Le Québec, une dictature démocratique? L’idée que notre génération n’est pas engagée sur le plan politique ou qu’elle ne tire aucun avantage à s’impliquer devrait servir à réveiller les partis politiques et les gouvernements sur leur propre manque d’intérêt envers le rôle de citoyen. Est-ce vraiment la faute de notre génération si nous n’avons aucun intérêt pour la chose politique ? Il faut se demander d’où vient ce manque d’intérêt et y remédier. Tout d’abord, il faut examiner notre système politique basé sur le système uninominal à un tour. C’est-à-dire un gouvernement représenté par un seul parti politique. Depuis plusieurs décennies, les partis politiques qui ont pris le pouvoir étaient soit « rouge », soit « bleu », soit libéraux, soit conservateurs. Le parti qui réussit à faire élire une majorité de députés, soit 50+1, prend le pouvoir et contrôle l’ensemble du gouvernement à sa guise. Même si une majorité de personnes votent pour un autre parti politique, ce n’est pas le nombre de votes qui importe mais le nombre de députés élus. Un bel exemple de cette stupidité parlementaire, c’est en 1998 alors que le gouvernement qui a pris le pouvoir était le Parti québécois avec seulement 76 députés élus. Toutefois il n’avait amassé que 1 744 240 votes. De son côté le Parti libéral a reçu l’appui de 1 771 858 électeurs, soit plus que le PQ, mais il n’a fait élire que 48 députés. Cette situation est complètement absurde et indique que notre système politique est malade. C’est ce côté de la politique qui pousse notre génération à se demander si son vote est vraiment utile pour changer les choses. Quand nous regardons les résultats électoraux de 1998, il y a de quoi se demander si le système est représentatif de notre génération. J’ai presque envie d’appeler cela une dictature démocratique. Le gouvernement est élu et par la suite, il a la liberté de faire ce qu’il veut. Même si ce dernier n’a pas obtenu une majorité en termes de nombre de votes. Il faut aussi se tourner vers le taux de participation des électeurs lors des scrutins de 1998 et de 2003. En 1998, sur plus de 5 millions de personnes inscrites sur la liste électorale, plus de 78 % se sont prévalues de leur droit vote pour seulement 63 % en 2003 et en 2007. Ceci démontre le manque d’intérêt des Québécois pour la chose politique.

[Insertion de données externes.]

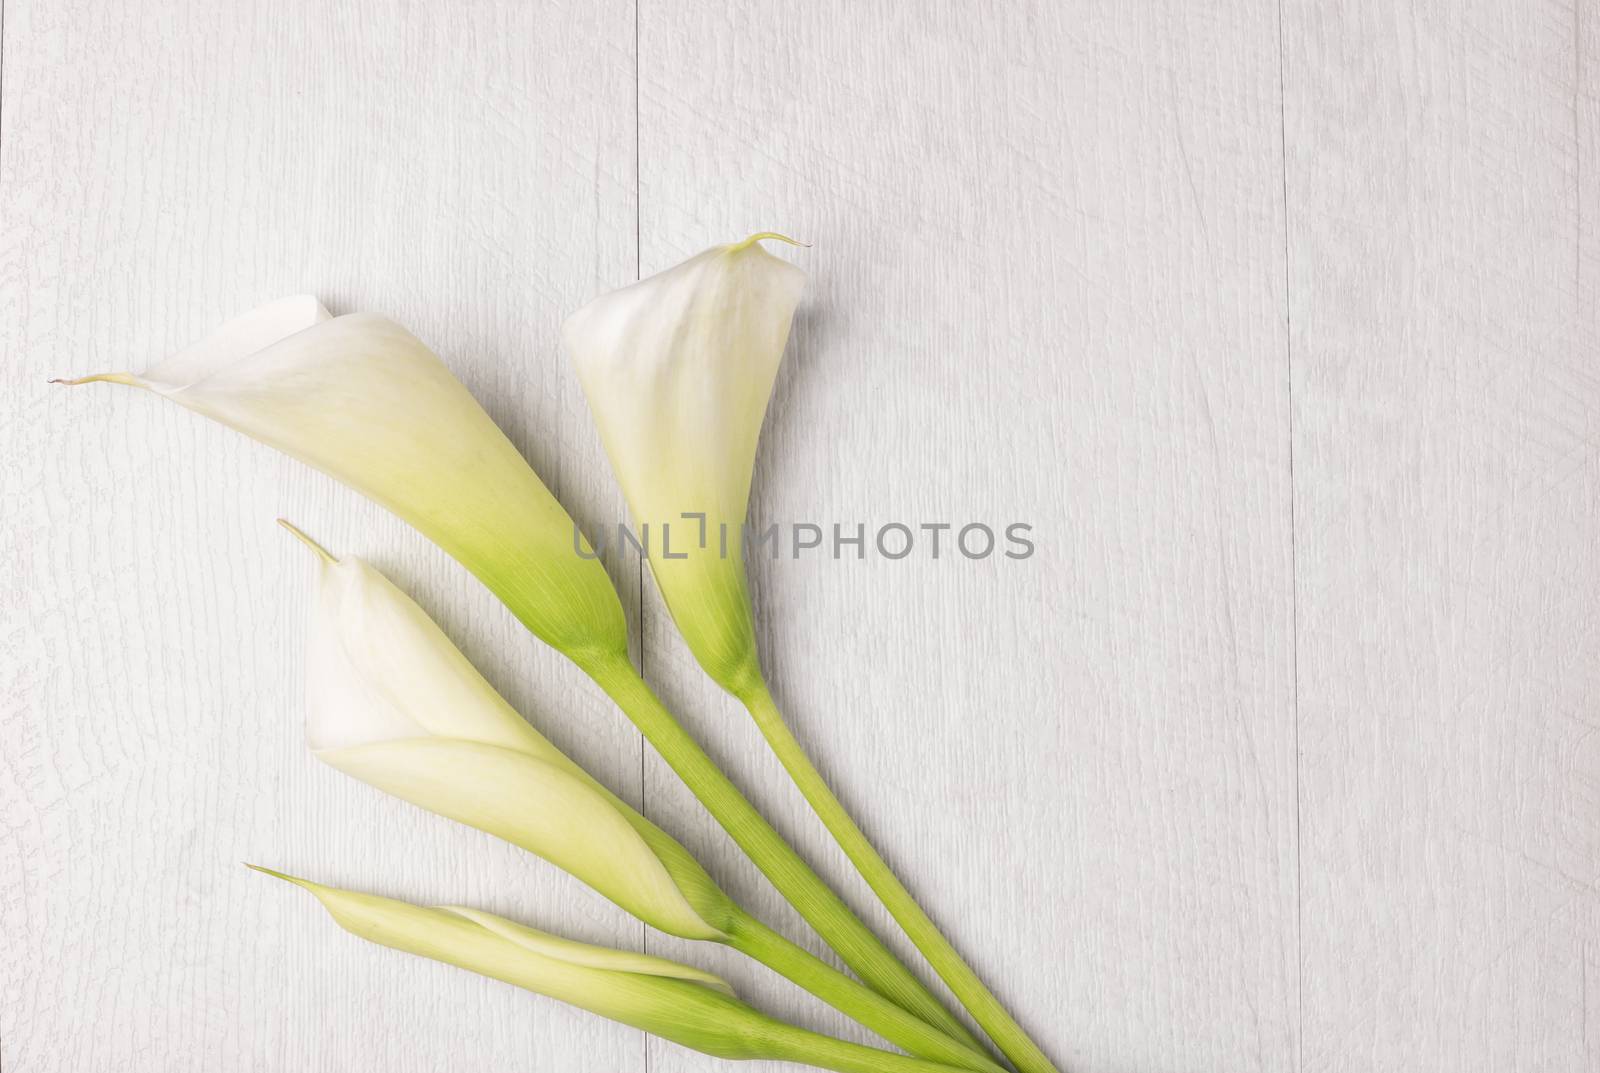 Elegant spring flower, calla lily by AnaMarques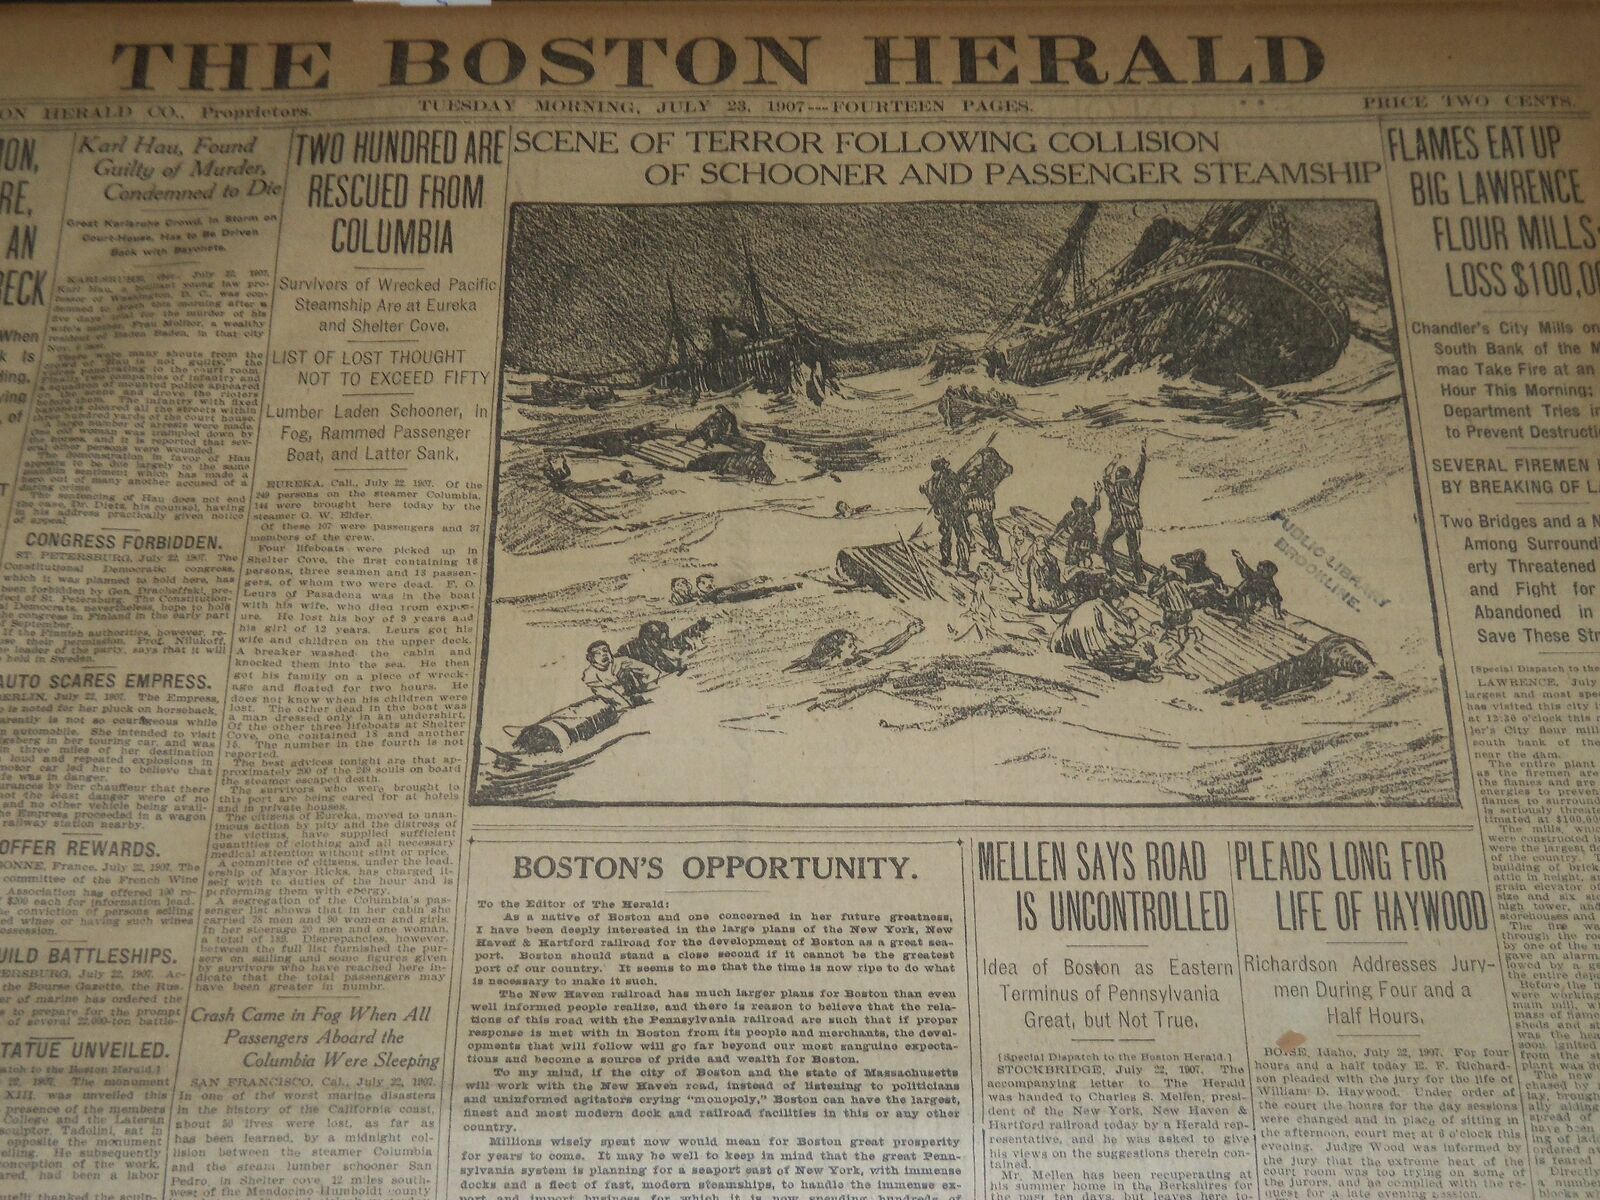 1907 JULY 23 THE BOSTON HERALD - 200 ARE RESCUED FROM COLUMBIA - BH 256

Le Québec a un urgent besoin de changement de vision et de système politiques. Il est certain que pour que ces changements s’effectuent, notre génération devra plonger et s’impliquer dans le monde politique et ce, à différents niveaux. Un premier changement proposé serait d’avoir un système politique proportionnel. Le deuxième serait de redéfinir la carte électorale afin de donner plus de pouvoir aux régions. Et le dernier changement serait d’avoir des élections à date fixe. Car ce n’est pas en restant à la maison durant les élections que nous allons changer notre système supposément démocratique. La génération de nos parents a compris l’importance de l’engagement politique et les années soixante en sont le résultat. Votre engagement est personnel, mais aussi important, une idée, un débat sous quelque forme qu’il soit et qui vous touche directement doit être défendu selon vos propres convictions. Génération d’idées vous ouvre la porte à ce genre de débat et je profite donc de l’occasion pour lancer celui de notre système politique actuel. Jean-François Sylvestre

// Commentaire L’expression « dictature démocratique » de Jean-François Sylvestre peut, à première vue, sembler excessive. Mais rappelons-nous ces mots de René Lévesque : « Le système parlementaire, c’est la dictature conjointe des cabinets et des « technocrates » qui réduit les parlements au rôle de forums procéduriers dont les chinoiseries et les sautes d’humeur baroques n’ont plus grand rapport avec les problèmes aigus de la vie réelle ». Le problème central du système parlementaire britannique est qu’il repose tout entier sur les partis politiques au lieu d’être fondé sur la souveraineté du peuple. « British government is party politics ! »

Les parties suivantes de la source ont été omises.